Does YouTube have a control problem?

Viacom's order to pull clips illustrates the challenges the Internet's biggest video-sharing site faces as it grows.

Victor Rook, an independent filmmaker for 24 years, woke up Friday, logged on to YouTube and found out that a major media conglomerate had accused him of copyright violations.

"This is to notify you that we have removed or disabled access to the following material," YouTube wrote to Rook in an e-mail, which was obtained by CNET News.com. The trailer for his documentary was removed because Viacom had claimed that his documentary had infringed on the company's copyright. Rook said not one frame or one piece of music from his film about a gay professional wrestler belonged to Viacom.

Rook's film clip was mistakenly pulled as part of YouTube's effort to sweep the site of content owned by Viacom, he said. (YouTube did not return an e-mail requesting more information about about why Rook's clip was taken down.)

ZDNet reported that another YouTube user was accused of violating Viacom's copyright when he posted a video of a "Sunday night dinner at Redbones in Somerville, Mass." The man denied that there is anything of Viacom's in his "friends and family" video.

The parent company of Comedy Central and Nickelodeon demanded Friday that YouTube remove 100,000 clips from the site that feature Viacom shows. The number of videos is three times more than the 30,000 videos that the Japanese entertainment industry demanded YouTube pull last October.

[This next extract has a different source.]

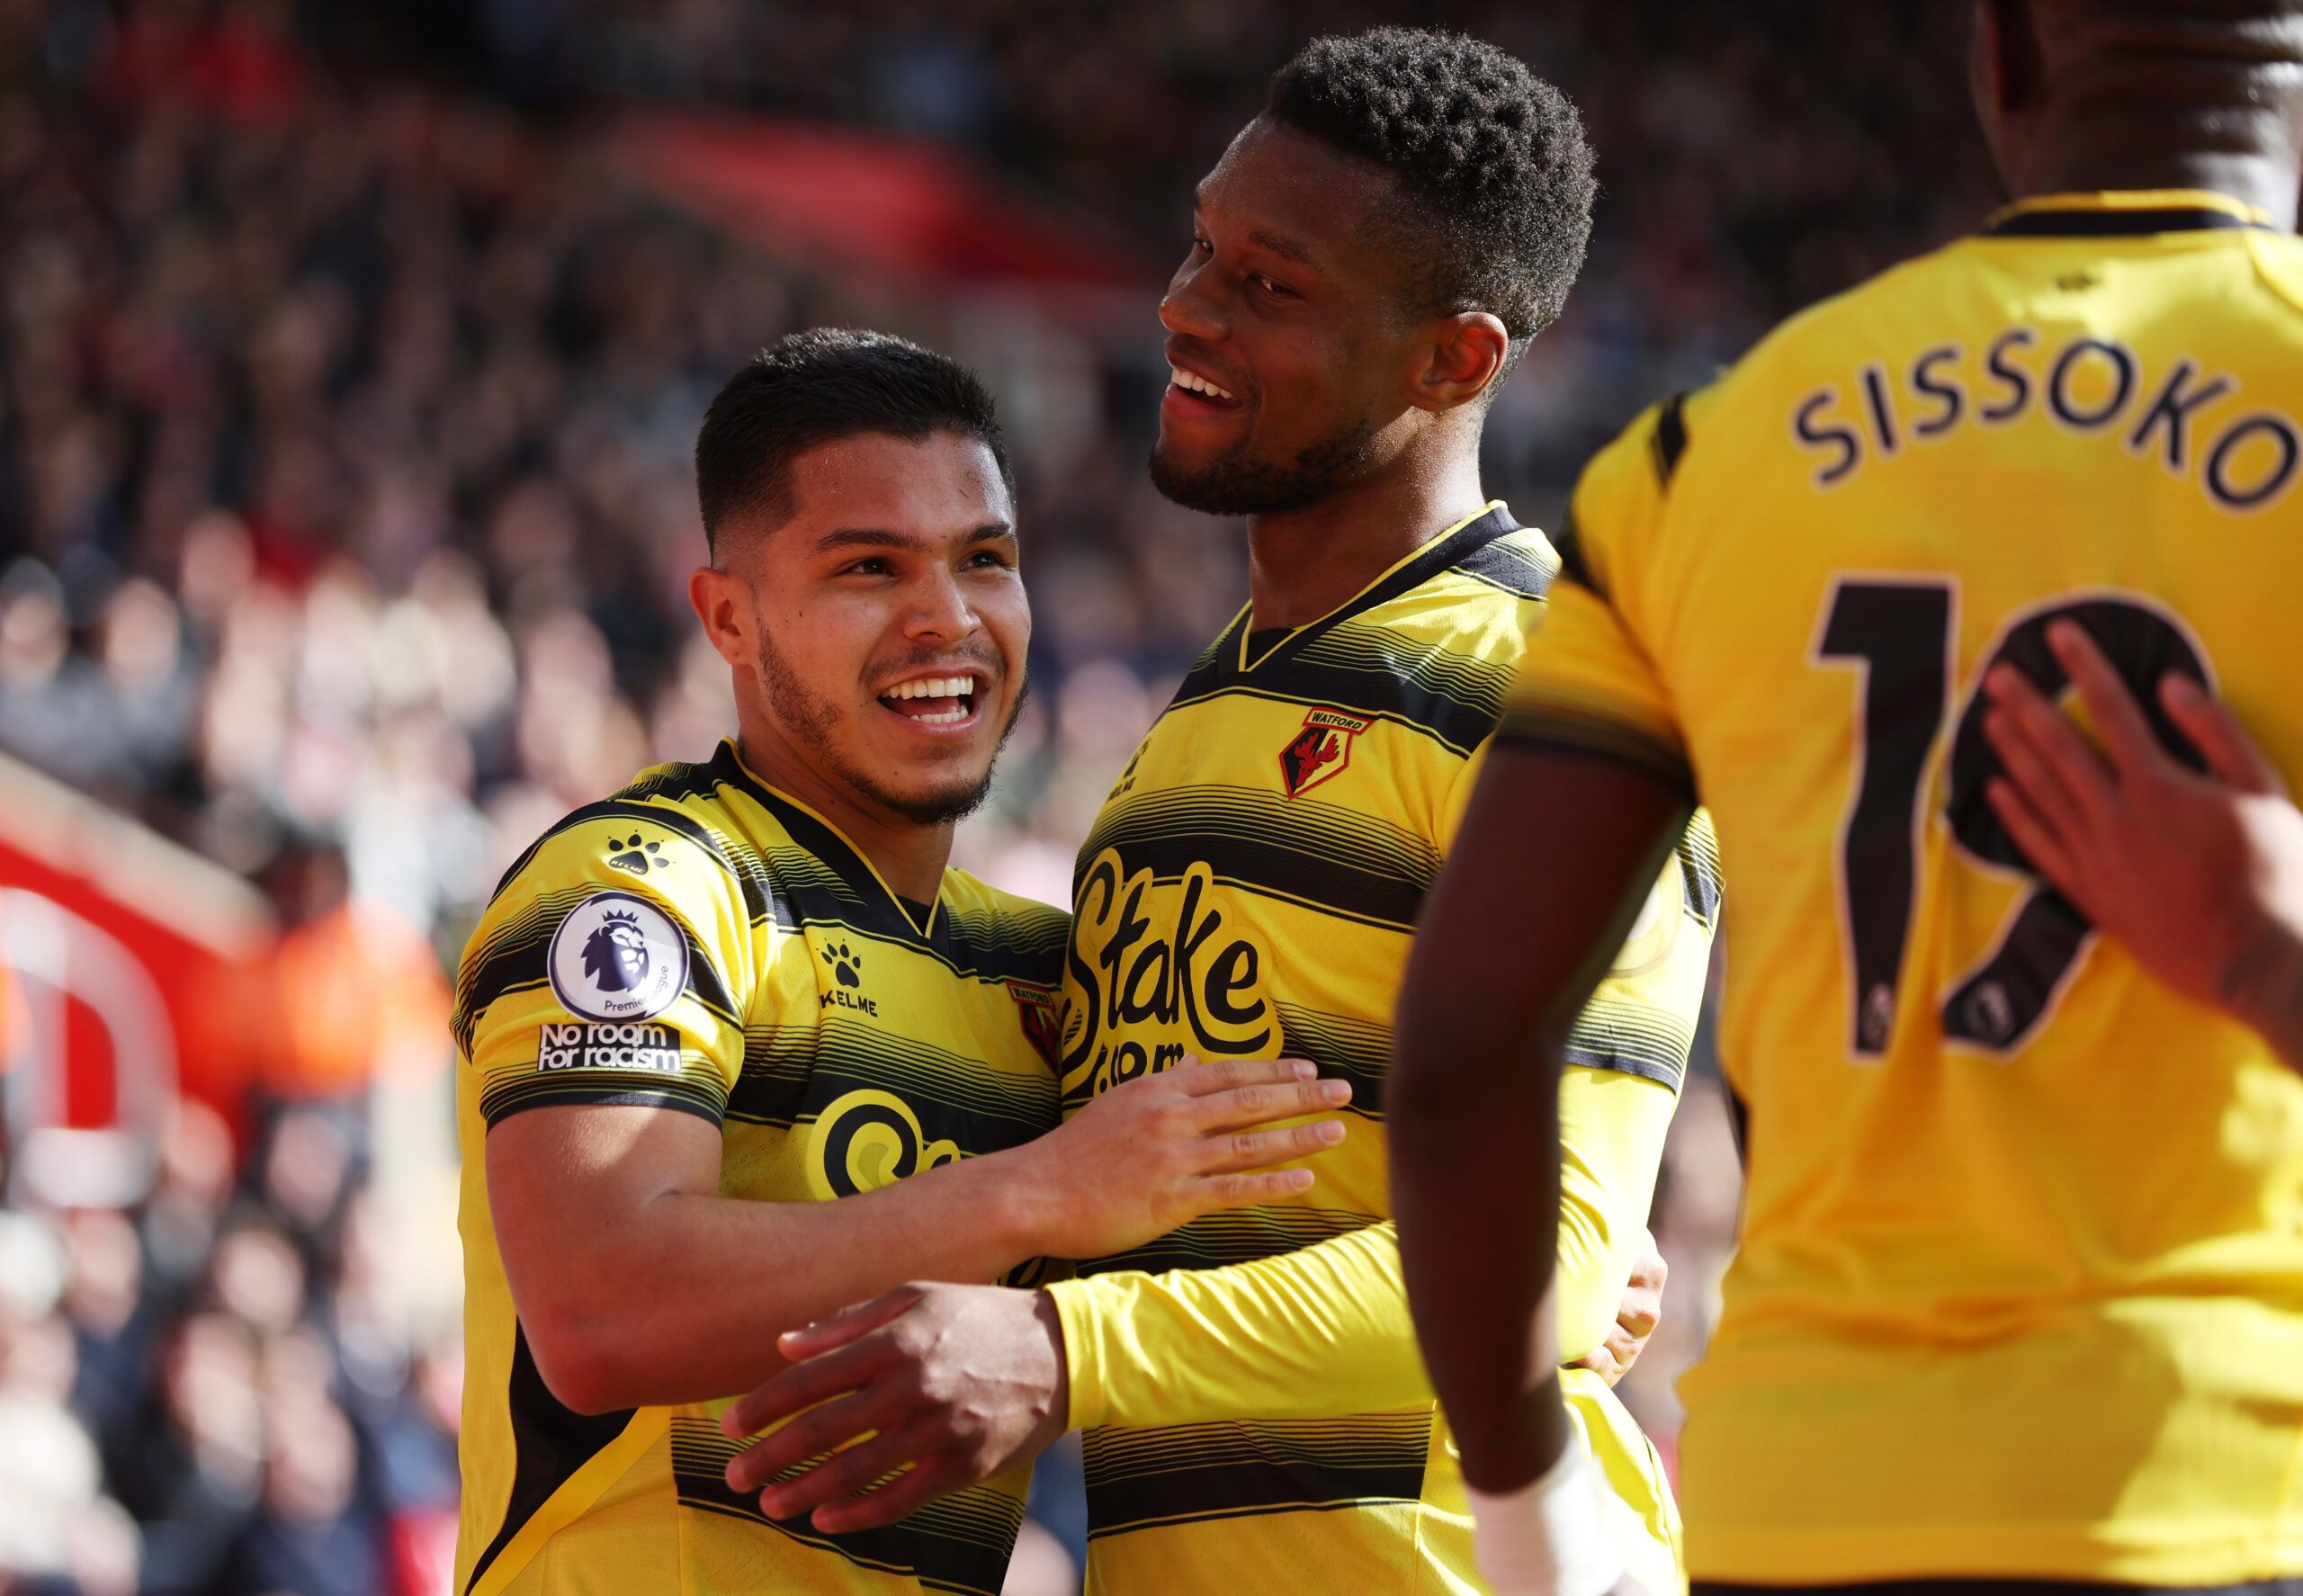 Soccer Football - Premier League - Southampton v Watford - St Mary's Stadium, Southampton, Britain - March 13, 2022 Watford's Cucho Hernandez celebrates scoring their second goal Christian Kabasele Action Images via Reuters/Paul Childs EDITORIAL USE ONLY. No use with unauthorized audio, video, data, fixture lists, club/league logos or 'live' services. Online in-match use limited to 75 images, no video emulation. No use in betting, games or single club /league/player publications.  Please contact

"I know it was probably an accident that mine got taken down," said Rook, 43, adding that he's nonetheless disappointed. He added that he wonders whether the video-sharing company has enough control over the site.

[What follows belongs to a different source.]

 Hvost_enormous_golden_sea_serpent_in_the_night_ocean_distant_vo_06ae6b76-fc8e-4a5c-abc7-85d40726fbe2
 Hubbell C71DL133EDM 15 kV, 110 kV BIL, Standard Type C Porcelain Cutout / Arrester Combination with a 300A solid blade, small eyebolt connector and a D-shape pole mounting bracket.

Control has been a central issue during YouTube's rapid evolution as the Internet's first real entertainment network. For instance, big entertainment companies have always wanted YouTube to exercise more control over users who post pirated clips from some of the entertainment industry's hottest shows. The break with Viacom has some analysts wondering whether the lack of authority over what happens on the site may hurt the year-old YouTube as it negotiates licensing agreements with major film studios and TV networks.

"The paradox for YouTube is that they need to figure out how to play well with the big boys," said Todd Chanko, an analyst with Jupiter Research. "These legal cases and public relation troubles will continue to hurt their image with the large media companies."

Executives at YouTube, acquired by Google for $1.65 billion last October, have steadfastly argued that it's not their job to police their site . As an Internet service provider, YouTube says the law doesn't hold the company responsible for the actions of its users, but will quickly respond to complaints by copyright holders.

"We take copyright issues very seriously," a YouTube spokesman said in a statement on Thursday. "We prohibit users from uploading infringing material, and we cooperate with copyright holders to identify and promptly remove infringing content."

But as YouTube's leaders seek partnerships that would give the video-sharing site access to professionally crafted content, they may find that adhering to the strict letter of the law won't make them many friends in Hollywood, where they want tough protections for their materials.

YouTube doesn't prescreen any of the more than 60,000 videos posted to the site each day. The company relies on content holders and users to report any violations of the company's terms of use. This, say YouTube critics, does not adequately safeguard copyright. An example of how long unauthorized video can stay on the site without being flagged came Thursday.

For the past three months, an employee at Gawker Media has posted video clips onto YouTube from TV shows produced by such companies as NBC, CBS, CNN and ABC, CNET News.com reported Thursday. Two copyright holders, including a Fox affiliate in New York, said that Gawker, which operates 14 blogs, including Valleywag and Fleshbot, was unauthorized to use their material.

Gawker Media owner Nick Denton has acknowledged that an employee posted the videos. He has declined to comment on why the employee posted the clips.

The poster added a new twist to uploading unauthorized copyright material by inserting into the clips advertisements for Gawker-owned blogs. Two videos about comedienne Rosie O'Donnell were each viewed more than 400,000 times.

Executives at two companies said they wanted to know how the videos could go unnoticed for three months and how can copyright owners prevent others from repeating the tactic.

"We showed (the videos posted to YouTube by the Gawker employee) to some of our legal and tech people," said one executive at a major media conglomerate. "They couldn't believe it. They also couldn't believe it hasn't happened before. They hated that someone was doing it, but one guy admitted he thought it was brilliant."

Unclear is whether some of the bigger media companies plan to respond to the postings.

Chanko said the case is an example of just how difficult it can be to protect copyright in environments like YouTube's.

"There's just no bonafide system available that would enable YouTube to monitor all the video on its site," Chanko said. "There are attempts to create intelligent video sensing...who knows? Maybe in five years we'll see it."